== Material to process ==
*** Begin section ***
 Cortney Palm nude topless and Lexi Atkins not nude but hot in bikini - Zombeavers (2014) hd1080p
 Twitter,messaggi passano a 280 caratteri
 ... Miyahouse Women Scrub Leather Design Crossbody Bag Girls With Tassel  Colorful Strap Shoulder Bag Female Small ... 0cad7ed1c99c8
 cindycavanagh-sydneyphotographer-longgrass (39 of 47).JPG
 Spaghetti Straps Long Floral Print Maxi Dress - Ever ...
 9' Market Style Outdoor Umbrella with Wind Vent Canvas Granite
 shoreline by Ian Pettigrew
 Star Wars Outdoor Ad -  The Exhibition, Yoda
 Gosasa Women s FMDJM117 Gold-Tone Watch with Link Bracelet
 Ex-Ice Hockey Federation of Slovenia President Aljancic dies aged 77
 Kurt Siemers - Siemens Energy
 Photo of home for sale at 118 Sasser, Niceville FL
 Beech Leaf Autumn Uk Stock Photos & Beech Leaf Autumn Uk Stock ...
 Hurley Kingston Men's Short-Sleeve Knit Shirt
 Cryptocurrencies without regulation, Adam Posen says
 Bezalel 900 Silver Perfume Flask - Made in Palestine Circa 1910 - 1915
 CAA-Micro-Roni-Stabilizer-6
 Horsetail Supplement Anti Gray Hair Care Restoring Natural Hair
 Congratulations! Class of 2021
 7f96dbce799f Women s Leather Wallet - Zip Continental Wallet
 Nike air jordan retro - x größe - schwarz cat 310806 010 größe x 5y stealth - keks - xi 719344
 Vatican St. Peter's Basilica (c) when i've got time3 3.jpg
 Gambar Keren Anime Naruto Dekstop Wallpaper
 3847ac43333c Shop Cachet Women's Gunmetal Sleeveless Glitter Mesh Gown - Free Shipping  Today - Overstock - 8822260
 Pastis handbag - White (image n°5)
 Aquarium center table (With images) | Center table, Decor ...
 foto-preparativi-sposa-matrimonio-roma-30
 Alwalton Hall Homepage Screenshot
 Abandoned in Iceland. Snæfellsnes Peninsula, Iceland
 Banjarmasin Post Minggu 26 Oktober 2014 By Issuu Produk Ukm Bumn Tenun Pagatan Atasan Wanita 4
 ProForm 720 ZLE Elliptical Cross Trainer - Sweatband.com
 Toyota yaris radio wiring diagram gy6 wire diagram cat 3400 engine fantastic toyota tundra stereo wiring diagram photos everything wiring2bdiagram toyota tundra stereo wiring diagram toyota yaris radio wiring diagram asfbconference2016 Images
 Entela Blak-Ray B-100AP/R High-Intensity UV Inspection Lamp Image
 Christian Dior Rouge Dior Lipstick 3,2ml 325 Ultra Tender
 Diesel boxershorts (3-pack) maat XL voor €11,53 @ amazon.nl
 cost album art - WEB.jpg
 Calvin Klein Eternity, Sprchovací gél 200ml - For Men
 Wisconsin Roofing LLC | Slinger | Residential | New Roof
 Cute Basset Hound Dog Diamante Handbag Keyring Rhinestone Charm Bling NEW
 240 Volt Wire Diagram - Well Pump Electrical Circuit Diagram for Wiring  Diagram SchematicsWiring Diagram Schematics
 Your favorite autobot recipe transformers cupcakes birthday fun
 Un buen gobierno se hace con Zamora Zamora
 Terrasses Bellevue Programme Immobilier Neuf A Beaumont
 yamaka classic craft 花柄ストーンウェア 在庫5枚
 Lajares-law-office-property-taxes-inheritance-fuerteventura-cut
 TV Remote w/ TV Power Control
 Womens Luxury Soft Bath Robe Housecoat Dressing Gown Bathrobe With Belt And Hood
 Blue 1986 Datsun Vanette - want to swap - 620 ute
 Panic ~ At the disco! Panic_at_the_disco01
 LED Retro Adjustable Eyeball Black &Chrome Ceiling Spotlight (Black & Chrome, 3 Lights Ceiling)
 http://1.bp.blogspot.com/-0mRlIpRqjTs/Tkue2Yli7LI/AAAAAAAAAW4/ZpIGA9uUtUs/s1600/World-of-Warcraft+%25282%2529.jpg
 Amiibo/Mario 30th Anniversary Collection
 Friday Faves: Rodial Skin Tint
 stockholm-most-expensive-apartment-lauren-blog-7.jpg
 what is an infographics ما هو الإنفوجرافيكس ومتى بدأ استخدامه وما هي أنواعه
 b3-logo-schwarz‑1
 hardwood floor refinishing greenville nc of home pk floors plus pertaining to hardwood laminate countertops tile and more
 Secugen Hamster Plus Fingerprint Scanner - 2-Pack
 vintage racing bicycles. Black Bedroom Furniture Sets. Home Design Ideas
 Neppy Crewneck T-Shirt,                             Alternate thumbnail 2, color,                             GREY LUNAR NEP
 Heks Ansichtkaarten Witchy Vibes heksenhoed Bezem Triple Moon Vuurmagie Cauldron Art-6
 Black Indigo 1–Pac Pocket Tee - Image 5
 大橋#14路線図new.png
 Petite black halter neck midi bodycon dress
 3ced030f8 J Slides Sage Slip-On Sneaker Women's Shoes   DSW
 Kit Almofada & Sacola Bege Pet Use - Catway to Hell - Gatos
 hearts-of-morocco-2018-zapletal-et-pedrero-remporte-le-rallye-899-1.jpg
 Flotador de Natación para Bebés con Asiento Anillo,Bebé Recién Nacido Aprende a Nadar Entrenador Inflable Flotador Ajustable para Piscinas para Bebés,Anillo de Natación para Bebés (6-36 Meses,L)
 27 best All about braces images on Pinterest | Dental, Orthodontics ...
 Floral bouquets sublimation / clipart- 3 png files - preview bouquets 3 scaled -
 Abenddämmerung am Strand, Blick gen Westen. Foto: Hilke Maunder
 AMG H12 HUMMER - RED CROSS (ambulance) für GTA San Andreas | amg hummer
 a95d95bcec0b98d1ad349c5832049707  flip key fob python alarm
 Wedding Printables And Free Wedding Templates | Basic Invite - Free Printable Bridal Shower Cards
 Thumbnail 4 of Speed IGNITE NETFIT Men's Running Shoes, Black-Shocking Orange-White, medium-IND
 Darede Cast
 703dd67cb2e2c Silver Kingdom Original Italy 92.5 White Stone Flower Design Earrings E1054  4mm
*** End section ***
== Task statement ==
Please write out, exactly as they appear, the line that contains "Wedding Printables And" and every line after it up to the end of the entries above, and no others.

== Exercise result ==
 Wedding Printables And Free Wedding Templates | Basic Invite - Free Printable Bridal Shower Cards
 Thumbnail 4 of Speed IGNITE NETFIT Men's Running Shoes, Black-Shocking Orange-White, medium-IND
 Darede Cast
 703dd67cb2e2c Silver Kingdom Original Italy 92.5 White Stone Flower Design Earrings E1054  4mm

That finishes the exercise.